Given information ::
====================
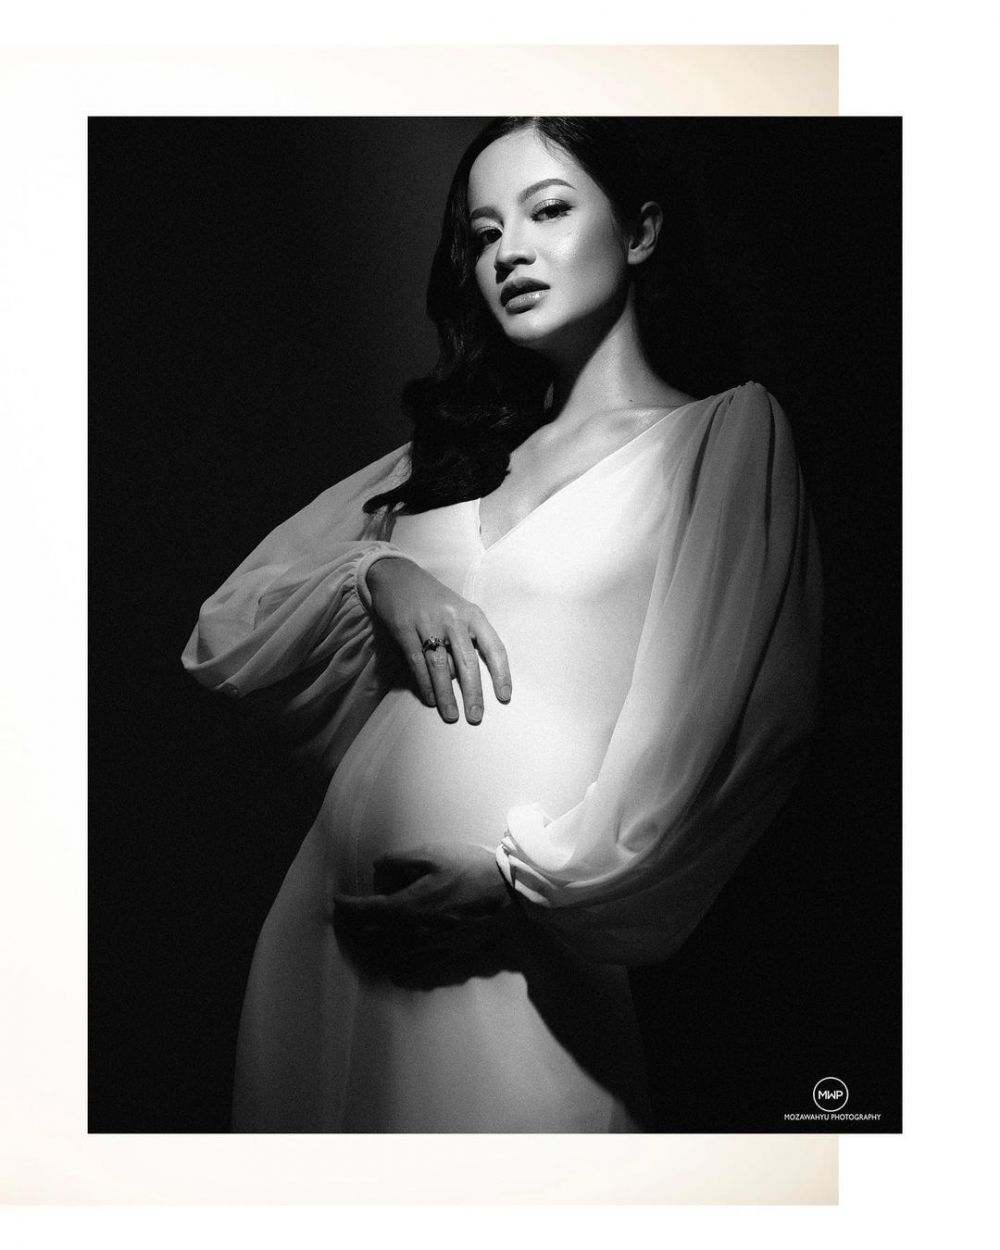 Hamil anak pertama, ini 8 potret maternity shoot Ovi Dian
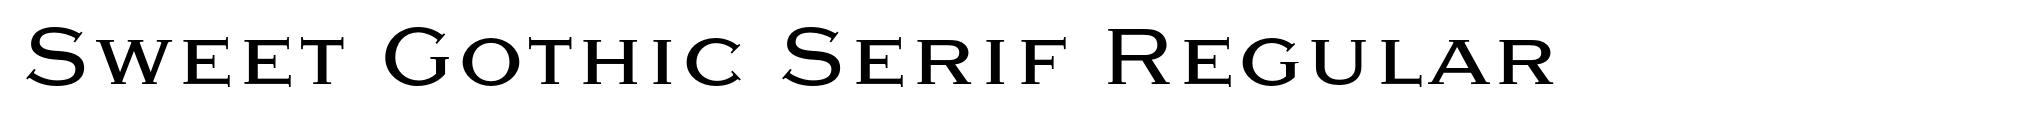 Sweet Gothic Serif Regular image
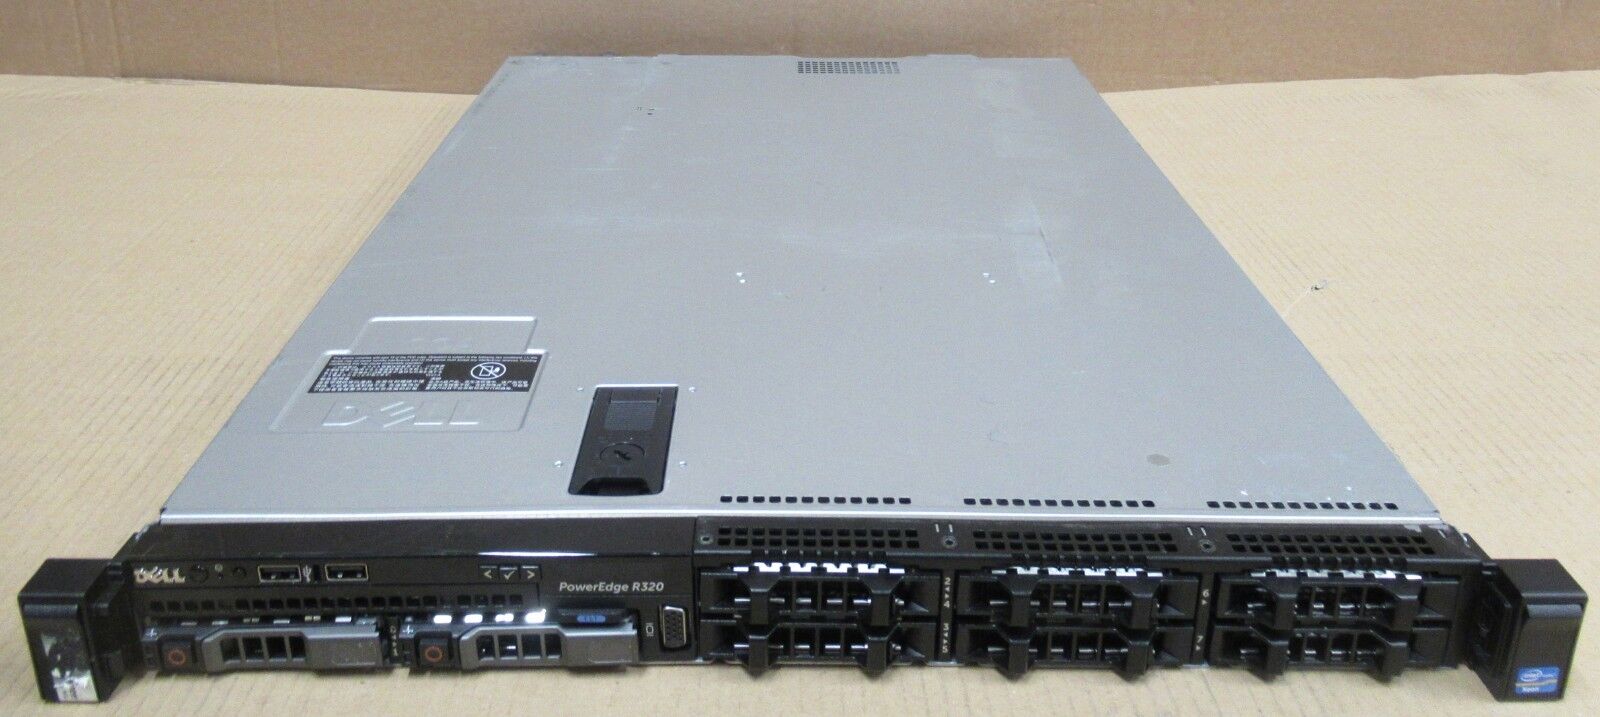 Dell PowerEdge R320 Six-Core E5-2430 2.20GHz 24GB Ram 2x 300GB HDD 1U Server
====================
Required work :: Reproduce the listing above from the line that contains "Sweet Gothic Serif Regular image" through its final line, exactly and with nothing added. Omit the images.

Solution to the exercise ::
 Sweet Gothic Serif Regular image
 Dell PowerEdge R320 Six-Core E5-2430 2.20GHz 24GB Ram 2x 300GB HDD 1U Server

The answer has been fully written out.